The objective of this work is to provide an account, with appropriate detail, of some of the salient features of the development of the theory and analysis of engineering structures during the nineteenth century. There seemed to be two possible approaches to the subject: that whereby emphasis is on personalities and their contributions to the subject, or that whereby emphasis is primarily on subject development, with due acknowledgement of personalities and regard to the chronological aspect. Experience indicates that the former is conducive to some degree of repetition and confusion concerning the subject matter and, therefore, the latter approach is adopted (though personal names are used in subheadings to identify developments). But Chapter 6 is unique in being devoted to Levy's little-known, though highly-significant work on theory of frameworks. Free translation of original material is used extensively throughout the book in order to avoid misrepresentation or serious omission. Also, original notation for mathematical analyses are preserved as far as possible.

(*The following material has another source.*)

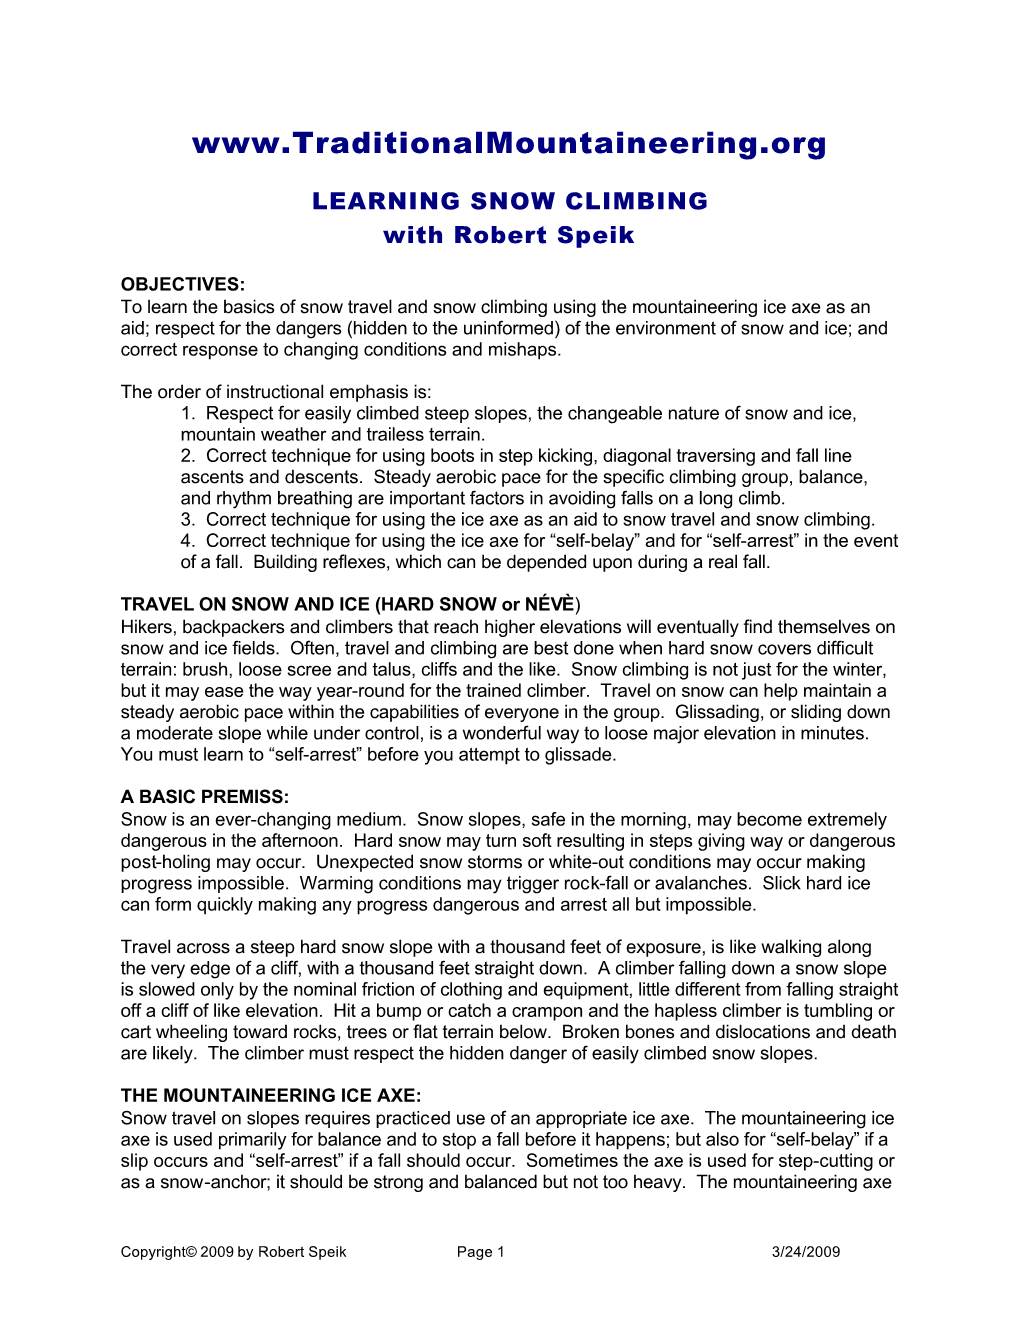 Steep Snow Climbing Skills and Ice Axe Belay/Arrest Practice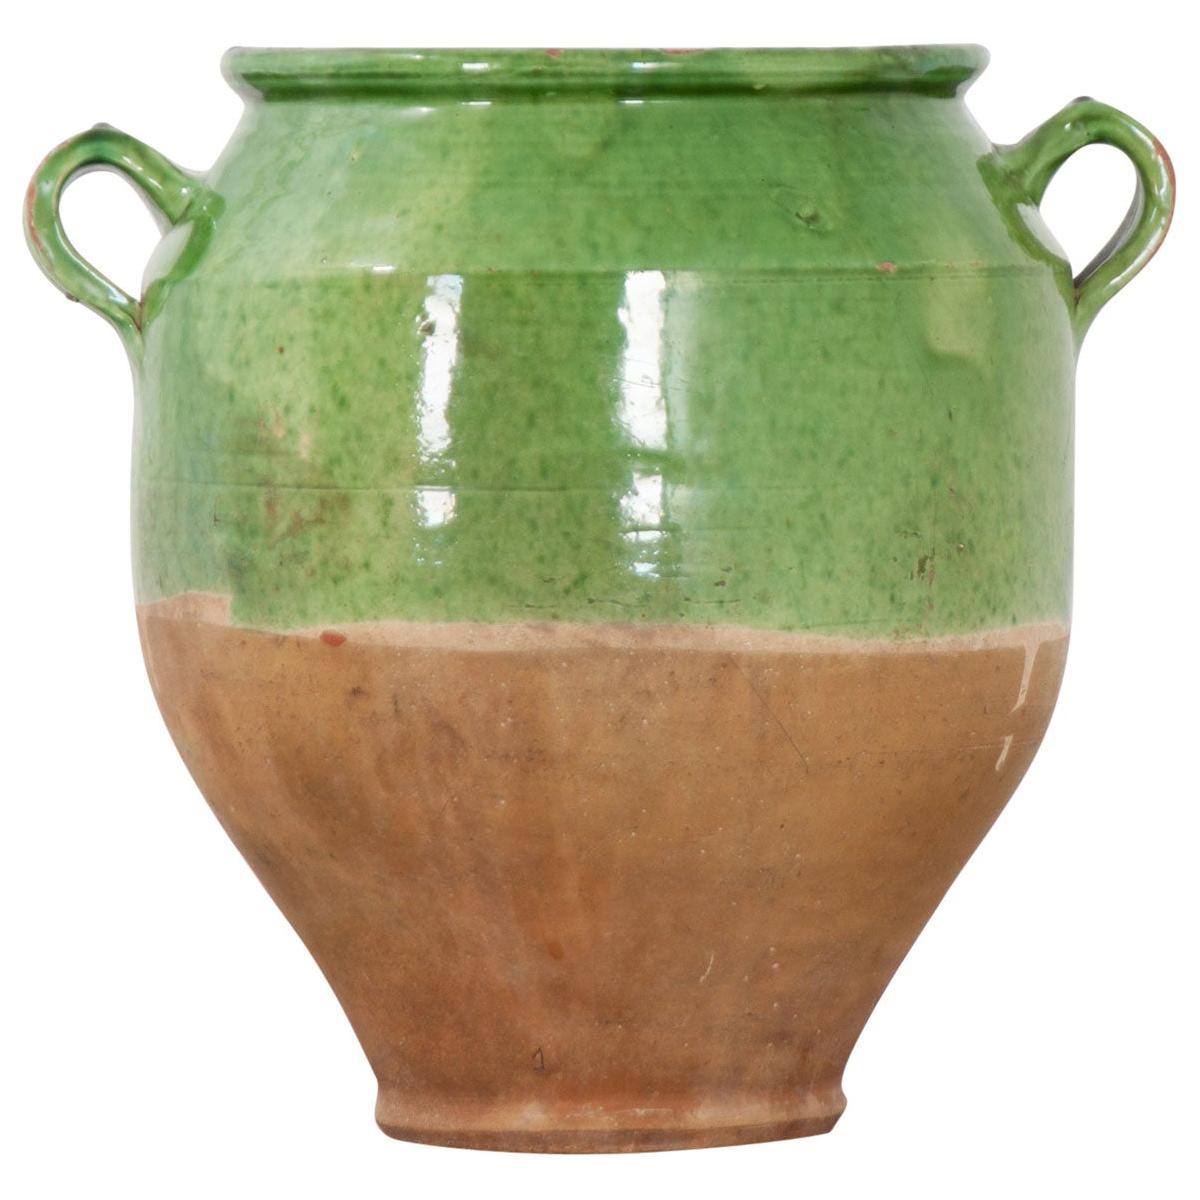 French 19th Century Glazed Confit Jar

Chapters 4 and 11 differ from the others in being little more than brief reviews of topics which, though important, are peripheral to my purpose herein. The former embraces graphical analysis of simple frameworks which, together with the vast subject of graphical analysis of engineering problems generally, has very limited relevance to the features with which this work is concerned and which have determined the development of modern theory of structures.

The following is an abridged version of the author's free translation of Navier's Obituary Notice of 1837, by Prony, which is included in the 1864 edition of Navier's Leçons, edited and with additional notes by Saint-Venant.

Much progress in theory of structures during the nineteenth century has been ascribed, notably by Clapeyron (1857) in France and Pole (Jeaffreson, 1864) in Britain, to the coming of the railway era. But the state of knowledge of the subject at the beginning of the century was ripe for rapid development due, for example, to Coulomb's remarkable research in applied mechanics. Early in the century Navier began to contribute to engineering science encouraged by his uncle, M. Gauthey, Inspector General of bridges and highways in France. Navier was born in 1785 and orphaned when he was fourteen years of age. He was adopted by Gauthey whose book on bridges he published (1809) and revised (1832), following his education at L'Ecole Polytechnique and then at L'Ecole des Ponts et Chaussées, from where he had become ingenieur ordinaire in 1808. He may be regarded as the founder of modern theory of elasticity and its application to structures and their elements. The year 1826 is memorable for the publication of Navier's celebrated Leçons as well as for the completion of Telford's remarkable wrought iron chain suspension bridge at Menai (it was also a year of sadness for Navier due to failure, prematurely, of the Pont des Invalides, a Paris suspension bridge which he had designed).